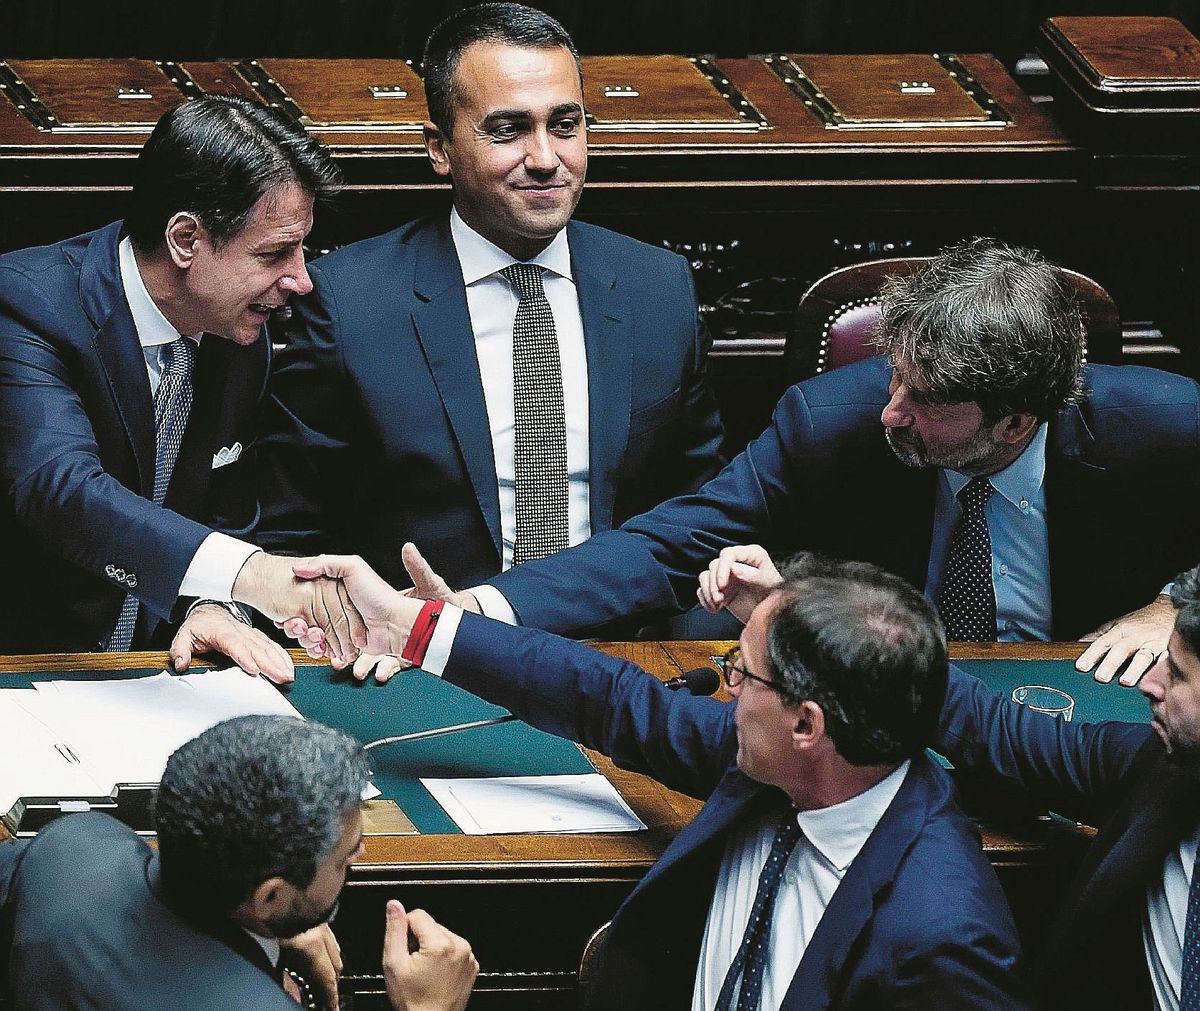 Un Conte senza argomenti si aggrappa agli insulti: «Salvini voleva più poltrone»
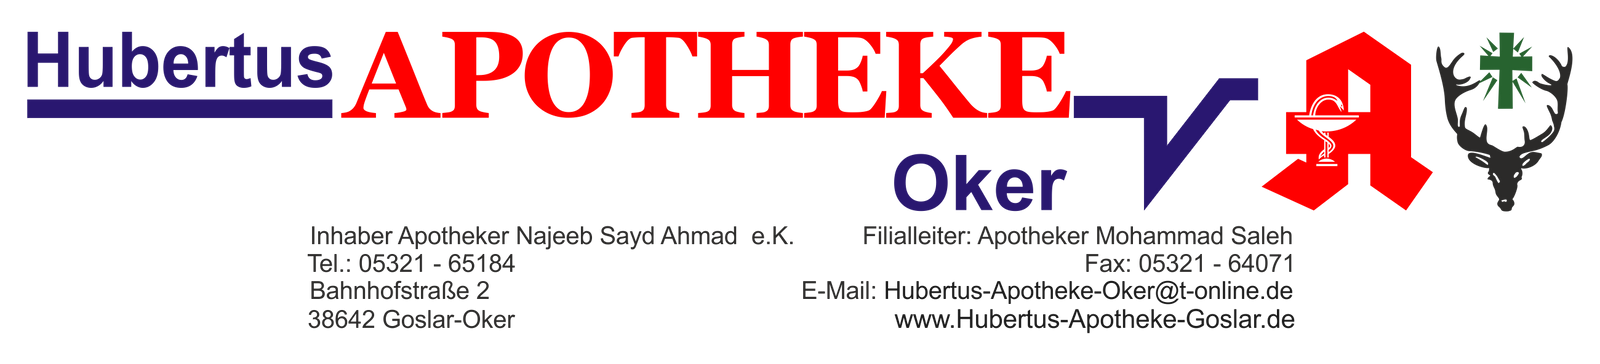 Logo der Hubertus Apotheke Oker
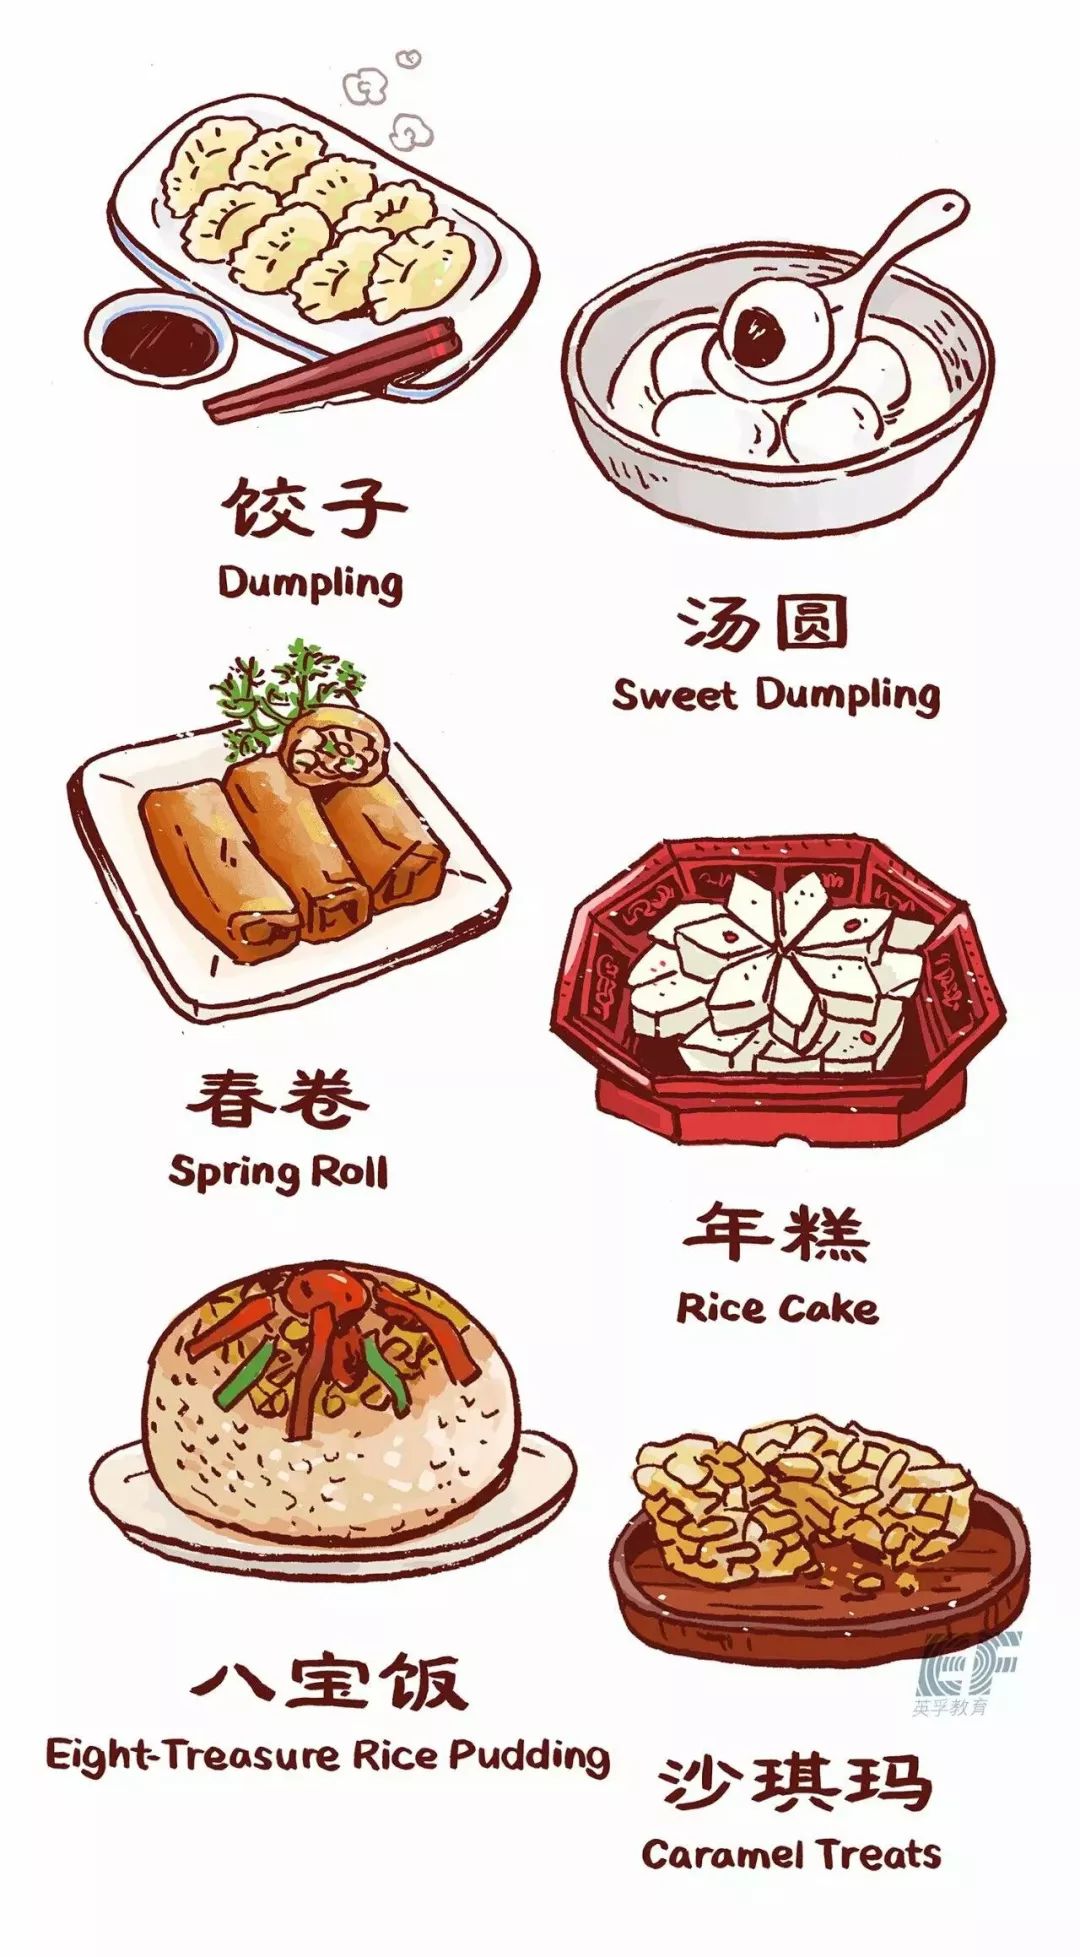 卤水拼盘,鱼香肉丝,大盘鸡……各地春节美食的英文原来这么说!
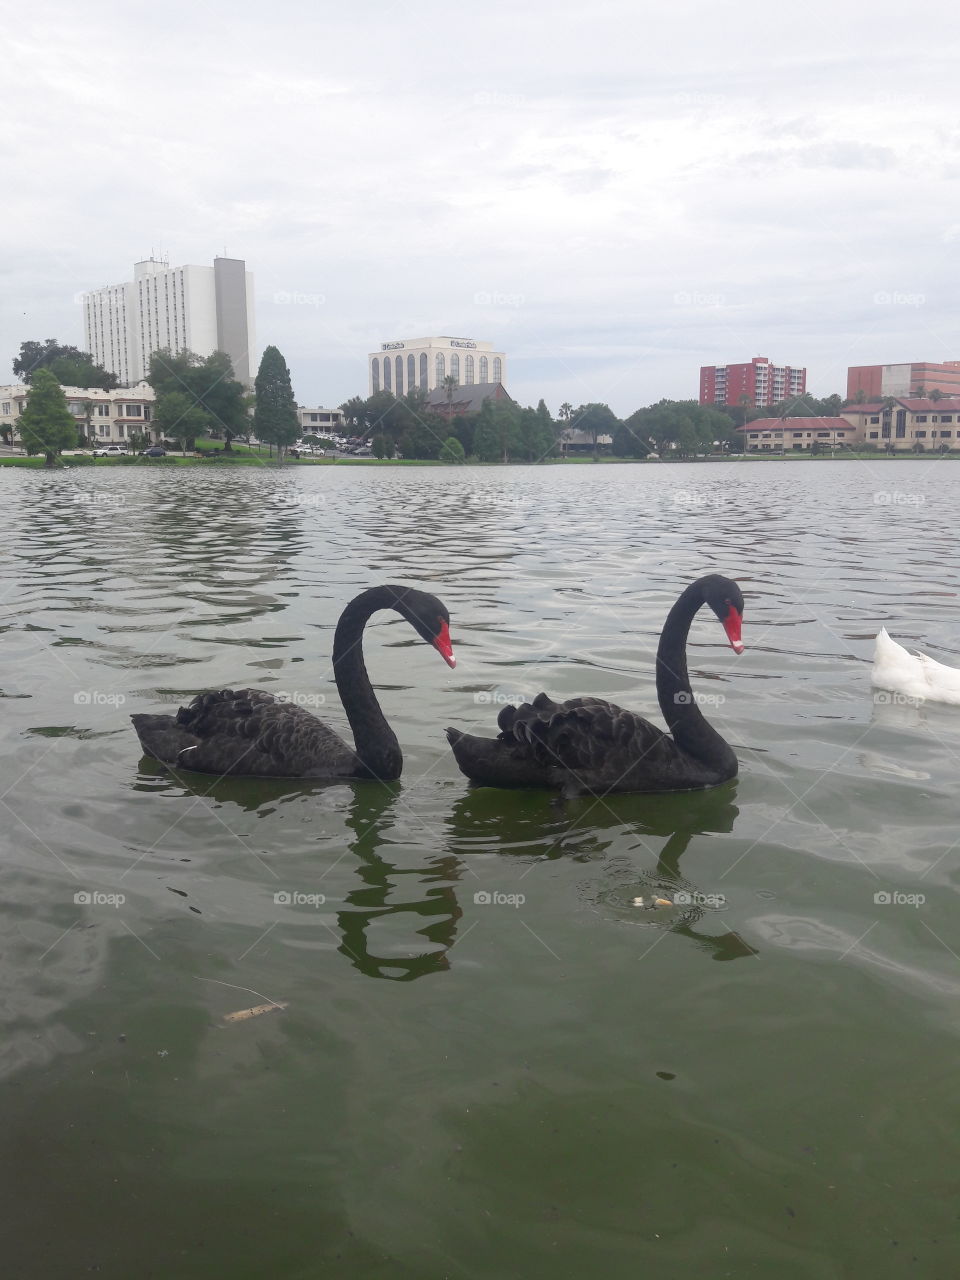 lake Morton Lakeland Florida black swans matter

Required action
The reply should contain every line of the material exactly, and no images.

Exercise response
 Un Conte senza argomenti si aggrappa agli insulti: «Salvini voleva più poltrone»
 Logo der Hubertus Apotheke Oker
 卤水拼盘,鱼香肉丝,大盘鸡……各地春节美食的英文原来这么说!
 lake Morton Lakeland Florida black swans matter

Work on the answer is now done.